Kulvinder Bajwa, Narsi R. Bishnoi, Saloni Gupta, Silambarasan Tamil Selvan

ABSTRACT

Back ground: Rising level of carbon dioxide, increasing demands and value of fuel, generation of waste are the key issues of the modern society. Biodiesel is an alternate to standard fossil fuel. Currently, it's primarily made from vegetable oils associated consequently it's an adverse impact on food security. Lipids from oleaginous microorganisms (e.g. microalgae, bacteria, fungi and yeasts) may well be an alternate feedstock for biodiesel production and therefore the growth and lipid accumulation of Rhodococcus opacus was studied under different environmental conditions.
Results: The current aim of the study is to utilized Box Behnken Design (BBD) of the response surface methodology, for identifying optimum levels of particular variables. BBD design was performed on oleaginous bacterium, Rhodococcus opacus considering pH, temperature and incubation period as independent variables. Lipid and biomass contents were analyzed as response variables. A second order polynomial model produced a satisfactory results of the experimental data with regard to biomass yield and lipid content % (R2 = 98, 04, 96.96 (P ≤ 0.01). Optimum results of the experiments were 3.82 gL-1 biomass and lipid content 33.55% at optimized conditions pH-7, temperature-300C and incubation time - 72 hrs. Results of predicted and actual response were differing with 2 to 3 % and desirability of model 98%.


KEYWORDS

Rhodococcus sp. 16sRNA, Response surface methodology, Box Behnken design, biomass, lipid

INTRODUCTION

Elevated concentration carbon dioxide (CO2) emission due to standard fossil fuel burning degrading eological environment; resulted shift in global climate, which is the main concern of the world (Kumar et al., 2018). Fossil fuel is depleting very fast and cost is increasing, therefore, there is an urgent need to develop methods for low carbon fuel i.e. biofuel or biodiesel (Kumar & Thakur, 2018). Biodiesel is a renewable fuel that can potentially be produced in microbes cost effectively and environment friendly (Papanikolaou et al., 2008; Easterling et al., 2009; Cho & Park, 2018). Microbial community such as microalgae cyanobacteria,oleaginous microorganisms, oil from seeds of green plants and waste cooking oils are used for biodiesel production (Kumar & Thakur, 2018). Microorganisms contain lipid in their cytoplasmic membrane therefore considered as rich sources of oils and fats for biodiesel production. (Molina et al., 2017). Biodiesel comprises of fatty acid methyl esters, originating from vegetable oils and animal fats mainly by trans-esterification of triacylglycerols (TAGs) or from free fatty acids has drawn attention as an ecofriendly, renewable substitute, biodegradable and nontoxic fuel (Easterling et al., 2009; Papanikolaou et al., 2008). Furthermore within the field of biodiesel not only algal biofuel of conventional energy resources, microorganism oils even have been gaining a lot of attention as a supplier of novel oils. Bacterial lipids applicable for renewable fuels production and chemicals derived from biological oils or fats (Castro et al., 2016). Additionally , they have numerous benefits, such as shorter life span, lesser laborious, season and climate, easy cultivation (Hidalgo et al., 2013; Shruthi et al., 2014). According to Papanikolaou and Aggelis, microorganism characterized as oleaginous and their oil as single cell oil, unicellular oil or microbial oil because they have accumulation capabilty of oil more than 20-25%  as dry cellular biomass (Papanikolaou & Aggelis, 2011)

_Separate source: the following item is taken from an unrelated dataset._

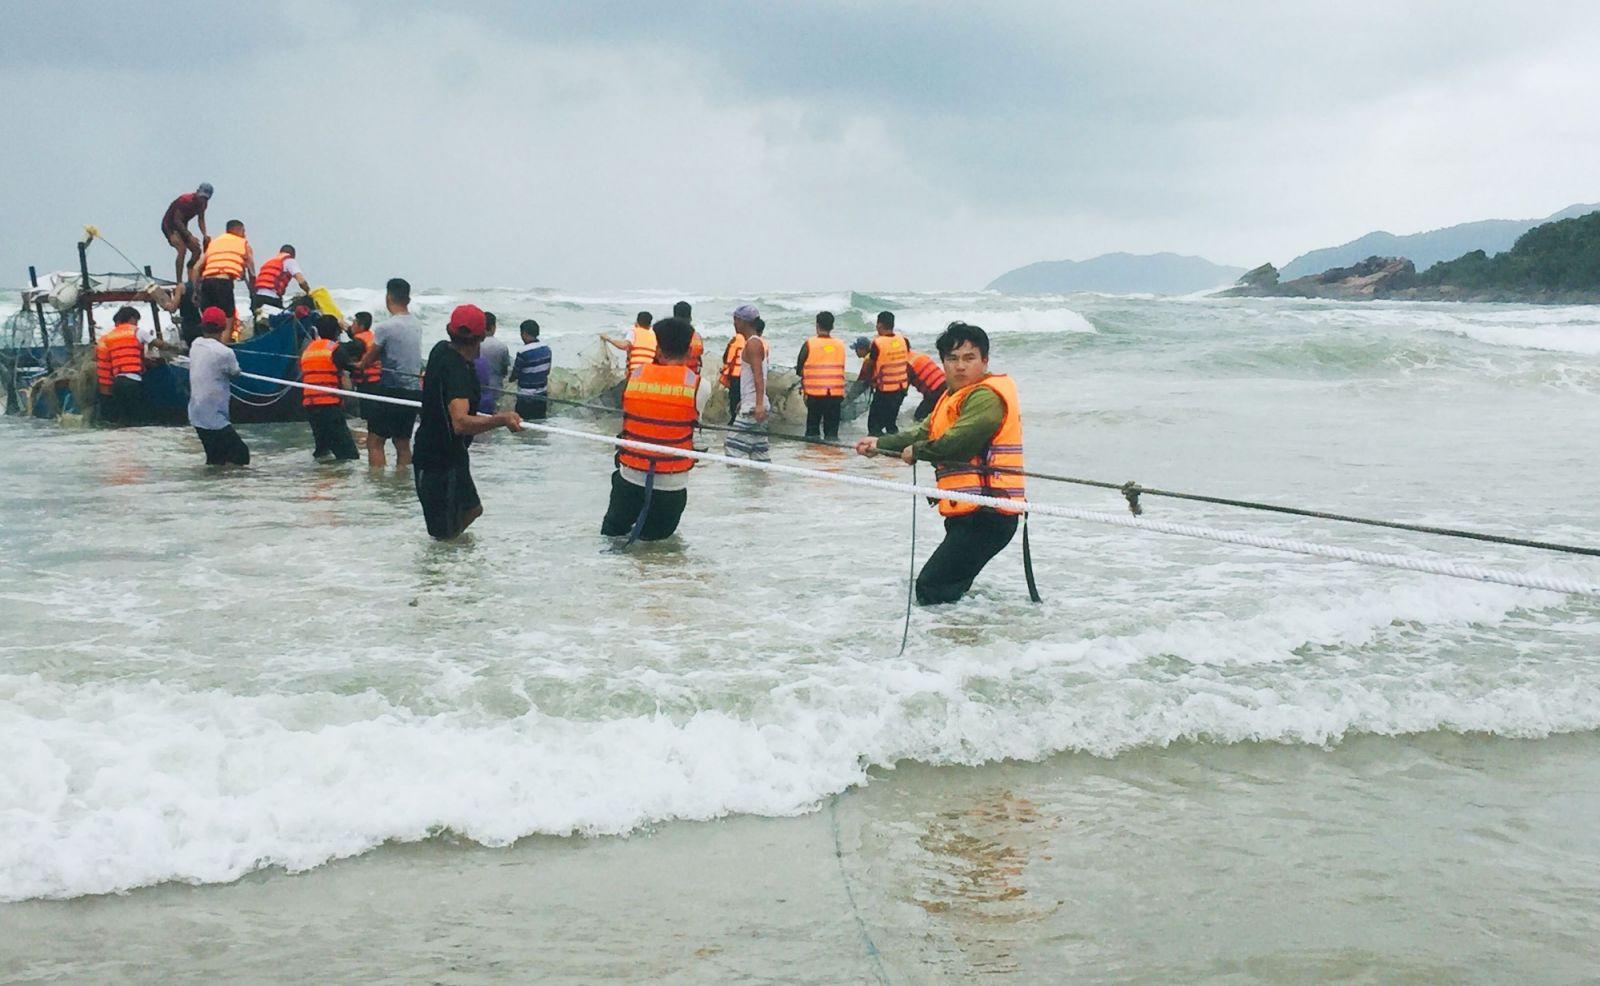 Thừa Thiên Huế:  2 ngư dân đi trên ghe bị sóng biển đánh chìm

Further more, certain genera of bacteria belonging to actinomycetes such as Mycobacterium, Rhodococcus, Gordonia, Streptomyces, Nocardia, Dietzia have potential of accumulating lipid in their cells and TAGs under nitrogen-stress conditions (Zhang et al., 2011;Wang & Pan, 2019). Additionally, oleaginous bacteria having capacity to yield storage lipid, under some growth-restricted conditions also produce special kind of lipids, such as polyhydroxy-alkanoates (PHA) and poly 3-hydroxybutyrate (PHB) and other as cyoplasmic intracellular oil (Mamatha, 2009; Papanikolaou & Aggelis, 2011; Bajwa & Bishnoi, 2016). It has various  impending commercial applications in pharmaceuticals, nutraceuticals industry, rich source of feed for aquaculture and biofuel production (Lewis et al., 2000; Peng, & Chen, 2008; Ongmali et al., 2014). Many environmental factors affect physico-chemical properties of membrane and consequently their functioning which include pressure, pH, temperature, water activity, ions, nutrients, enzymatic activity, microbial growth phase and xenobiotics compounds (Mrozik et al., 2004). Many changes in bacterial fatty acid composition and membrane fluidity occur in response to temperature fluctuations. As growth temperature rises, it is common to observe an increase of the proportion of long-chain and saturated fatty acids within the membrane (Mrozik et al., 2004)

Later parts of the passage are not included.